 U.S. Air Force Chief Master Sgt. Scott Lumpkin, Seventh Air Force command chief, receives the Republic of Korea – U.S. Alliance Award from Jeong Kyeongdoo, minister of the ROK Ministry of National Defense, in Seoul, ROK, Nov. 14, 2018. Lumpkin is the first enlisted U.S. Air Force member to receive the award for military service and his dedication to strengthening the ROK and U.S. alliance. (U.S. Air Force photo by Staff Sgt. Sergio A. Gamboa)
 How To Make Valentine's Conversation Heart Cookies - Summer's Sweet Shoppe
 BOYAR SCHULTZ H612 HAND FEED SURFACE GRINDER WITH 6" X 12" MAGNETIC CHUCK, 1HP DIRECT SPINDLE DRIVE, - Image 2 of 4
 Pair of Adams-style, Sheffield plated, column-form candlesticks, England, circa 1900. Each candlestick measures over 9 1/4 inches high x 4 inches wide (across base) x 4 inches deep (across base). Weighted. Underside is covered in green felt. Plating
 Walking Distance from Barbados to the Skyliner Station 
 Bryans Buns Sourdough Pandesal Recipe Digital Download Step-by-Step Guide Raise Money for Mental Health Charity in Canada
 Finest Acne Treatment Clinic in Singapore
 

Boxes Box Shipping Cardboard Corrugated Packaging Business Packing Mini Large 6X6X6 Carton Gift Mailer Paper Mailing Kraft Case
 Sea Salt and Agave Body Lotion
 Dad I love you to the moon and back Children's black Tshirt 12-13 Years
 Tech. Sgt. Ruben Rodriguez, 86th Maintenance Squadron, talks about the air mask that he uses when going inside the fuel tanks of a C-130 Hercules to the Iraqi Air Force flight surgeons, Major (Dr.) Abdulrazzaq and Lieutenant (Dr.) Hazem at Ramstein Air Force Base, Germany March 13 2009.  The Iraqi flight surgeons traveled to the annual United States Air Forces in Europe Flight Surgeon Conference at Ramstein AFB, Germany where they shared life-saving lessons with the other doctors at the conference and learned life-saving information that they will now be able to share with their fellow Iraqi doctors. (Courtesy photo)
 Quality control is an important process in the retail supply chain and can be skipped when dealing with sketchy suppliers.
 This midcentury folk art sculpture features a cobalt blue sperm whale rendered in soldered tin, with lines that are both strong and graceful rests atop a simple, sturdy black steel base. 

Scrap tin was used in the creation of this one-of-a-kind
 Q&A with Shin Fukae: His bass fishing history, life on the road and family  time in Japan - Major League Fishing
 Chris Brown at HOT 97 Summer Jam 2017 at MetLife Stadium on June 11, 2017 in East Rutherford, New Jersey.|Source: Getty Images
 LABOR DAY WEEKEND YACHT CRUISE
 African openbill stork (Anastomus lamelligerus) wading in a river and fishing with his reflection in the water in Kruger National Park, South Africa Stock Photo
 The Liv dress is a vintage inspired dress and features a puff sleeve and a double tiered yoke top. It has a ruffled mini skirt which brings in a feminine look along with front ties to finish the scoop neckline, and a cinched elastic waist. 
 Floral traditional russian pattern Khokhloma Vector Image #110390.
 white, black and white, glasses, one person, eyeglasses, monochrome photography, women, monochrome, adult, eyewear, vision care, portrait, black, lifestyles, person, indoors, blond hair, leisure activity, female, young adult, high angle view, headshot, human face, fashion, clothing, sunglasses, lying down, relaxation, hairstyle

*EXERCISE DESCRIPTION*. Give back exactly the lines above, from the line containing "Pair of Adams-style, Sheffield" through the line containing "Dad I love you", with both end lines and nothing more.

*SOLUTION TO THE EXERCISE*.
 Pair of Adams-style, Sheffield plated, column-form candlesticks, England, circa 1900. Each candlestick measures over 9 1/4 inches high x 4 inches wide (across base) x 4 inches deep (across base). Weighted. Underside is covered in green felt. Plating
 Walking Distance from Barbados to the Skyliner Station 
 Bryans Buns Sourdough Pandesal Recipe Digital Download Step-by-Step Guide Raise Money for Mental Health Charity in Canada
 Finest Acne Treatment Clinic in Singapore
 

Boxes Box Shipping Cardboard Corrugated Packaging Business Packing Mini Large 6X6X6 Carton Gift Mailer Paper Mailing Kraft Case
 Sea Salt and Agave Body Lotion
 Dad I love you to the moon and back Children's black Tshirt 12-13 Years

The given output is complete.